Electromagnetically Induced Transparency and Absorption in Metamaterials: The Radiating Two-Oscillator Model and Its Experimental Confirmation

TL;DR

This paper introduces a radiating two-oscillator model for metamaterials that accurately predicts both absorption spectra and scattering properties, validated through experiments, advancing understanding of electromagnetically induced transparency and absorption analogues.

Contribution

The paper develops a comprehensive radiating two-oscillator model that includes external electromagnetic coupling, providing quantitative predictions of scattering and absorption in metamaterials, confirmed experimentally.

Findings

The model accurately predicts absorption spectra and scattering parameters.

Electromagnetically induced absorption occurs under low dissipation and weak coupling.

Experimental results confirm the model's predictions of narrow spectral absorption features.

Abstract

Several classical analogues of electromagnetically induced transparency in metamaterials have been demonstrated. A simple two-resonator model can describe their absorption spectrum qualitatively, but fails to provide information about the scattering properties-e.g., transmission and group delay.

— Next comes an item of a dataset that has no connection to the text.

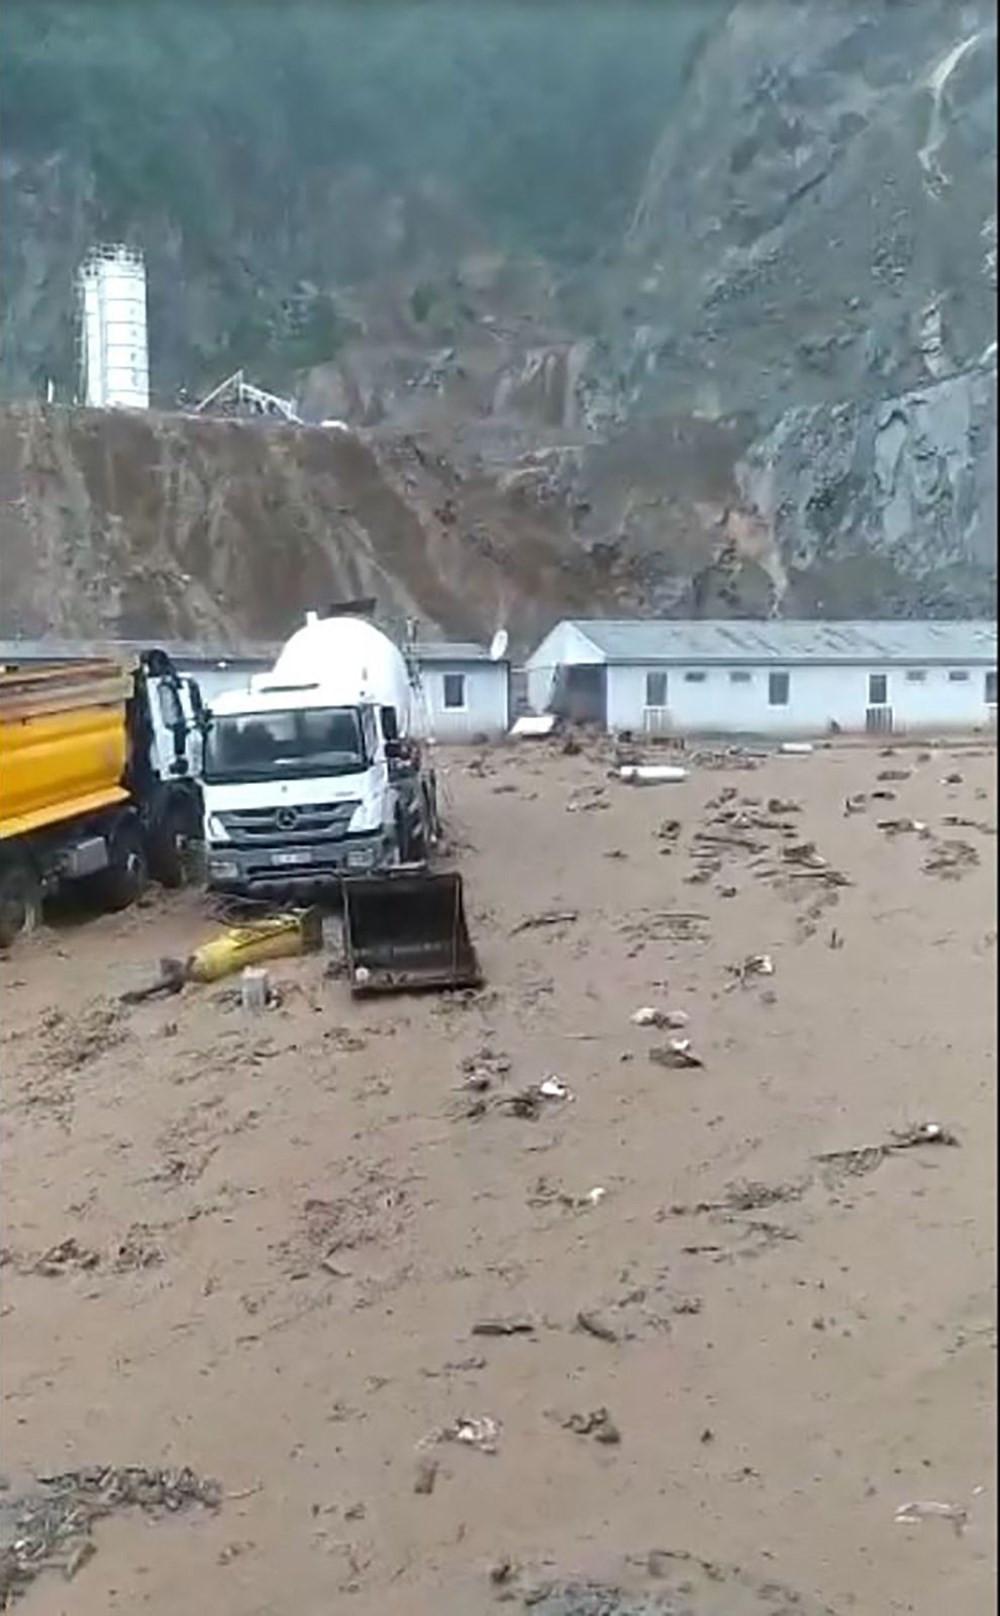 Doğu Karadeniz'de sel ve heyelan: 3 katlı bina çöktü, yollar kapandı

Here we develop an alternative model that rigorously includes the coupling of the radiative resonator to the external electromagnetic fields. This radiating two-oscillator model can describe both the absorption spectrum and the scattering parameters quantitatively. The model also predicts metamaterials with a narrow spectral feature in the absorption larger than the background absorption of the radiative element. This classical analogue of electromagnetically induced absorption is shown to occur when both the dissipative loss of the radiative resonator and the coupling strength are small. These predictions are subsequently demonstrated in experiments.